The choice between MKV and MP4 comes down to what you're doing with the file, not which format is objectively better. Choose MKV when you're archiving media and want to preserve everything: multiple language tracks, lossless audio like FLAC or TrueHD, bitmap subtitles from a Blu-ray source, and chapter markers. Home theater setups running Plex, Jellyfin, or Kodi on a capable server or device handle MKV without issues, and the flexibility to switch audio tracks and subtitles on the fly is genuinely useful. MKV is also the right choice if you're storing files long-term and value the open, royalty-free specification — there's no corporate owner who can change licensing terms. Choose MP4 when compatibility is the priority. If you're sending a video to someone who will play it on an iPhone, uploading to YouTube, sharing via WhatsApp, or playing it on a TV that doesn't have a media server, MP4 with H.264 video and AAC audio will work. Nearly every device manufactured since 2010 plays this combination without any additional software. The file size difference between MKV and MP4 containing identical streams is negligible — typically under 1% — so storage efficiency is not a meaningful factor in the decision. Both containers support H.265 and AV1, so codec choice drives file size far more than container choice. One practical note: if you have an MKV file where the video is already H.264 and the audio is already AAC, you can remux it to MP4 using FFmpeg (ffmpeg -i input.mkv -c copy output.mp4) in seconds with zero quality loss. This is the fastest path to compatibility when the codecs are already right but the container is causing problems.

The Future of MKV and the WebM Connection

MKV's influence extends beyond the .mkv file extension. WebM, the open video format used on YouTube and across the web, is a direct subset of the Matroska specification. WebM restricts the container to VP8/VP9/AV1 video and Vorbis/Opus audio, and it uses the same underlying binary format (EBML — Extensible Binary Meta Language) as MKV. In practice, many WebM files can be renamed to .mkv and will open in Matroska-compatible players, though the reverse isn't true since MKV allows codecs that WebM doesn't. The broader Matroska ecosystem also includes MKA (Matroska Audio, for audio-only files) and MKS (Matroska Subtitles), though these are rarely encountered outside of specialized workflows.
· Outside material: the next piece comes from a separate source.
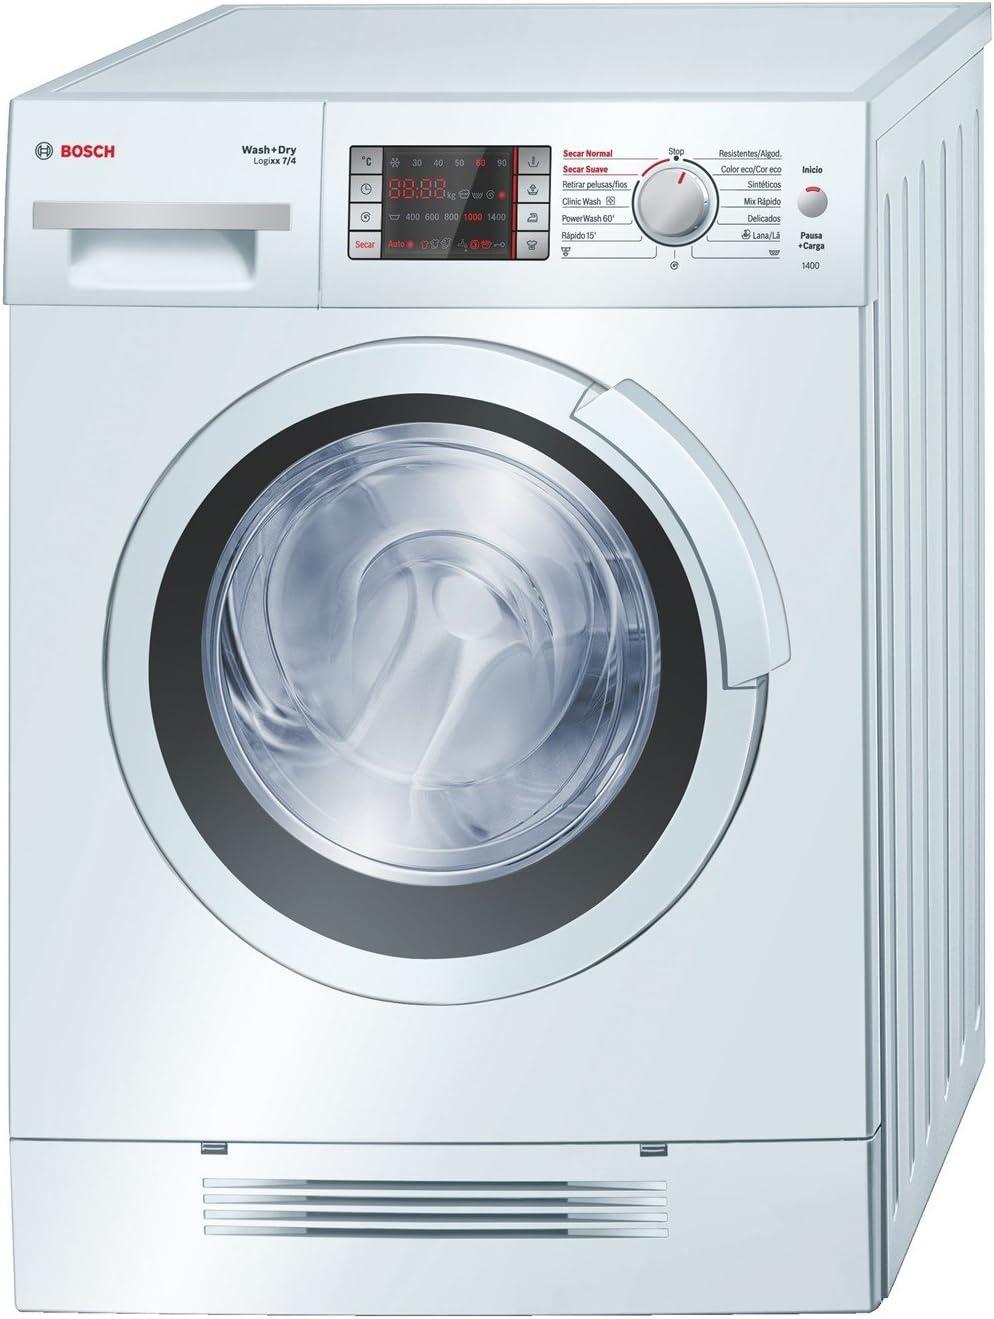 Bosch Logixx 7 WVH28460EE lavadora Carga frontal Independiente ...
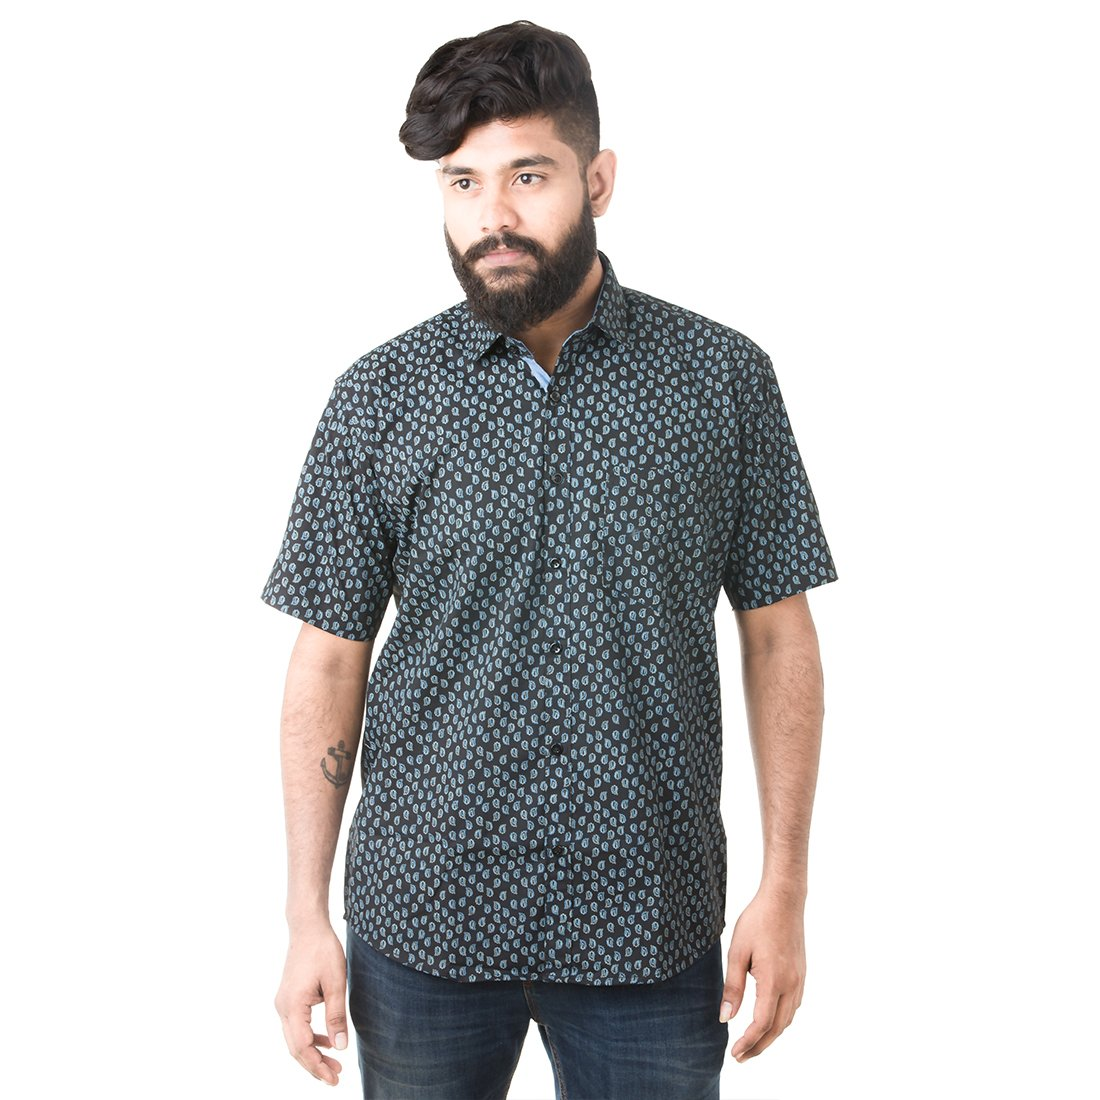 a570133d15ed Smart Casual Shirts Mens - DREAMWORKS

AV1, the royalty-free codec developed by the Alliance for Open Media, is increasingly stored in MKV containers for local playback. AV1 offers roughly 30% better compression than H.265 at equivalent quality, and hardware decoding support is now present in Intel 11th-generation and newer CPUs, AMD RDNA 2 and newer GPUs, Apple M3 chips, and most 2023-and-later Android flagship phones. As AV1 hardware support becomes ubiquitous, MKV is well-positioned as its primary container for local files — the same way it became the default container for H.265 content years before H.265 hardware decoding was widespread. MKV is not going away. It has been the dominant container for high-quality local video for over 15 years, the specification is actively maintained, and its open nature means no single company can deprecate it. For anyone serious about managing a local video library, understanding what MKV contains — and why — is foundational knowledge.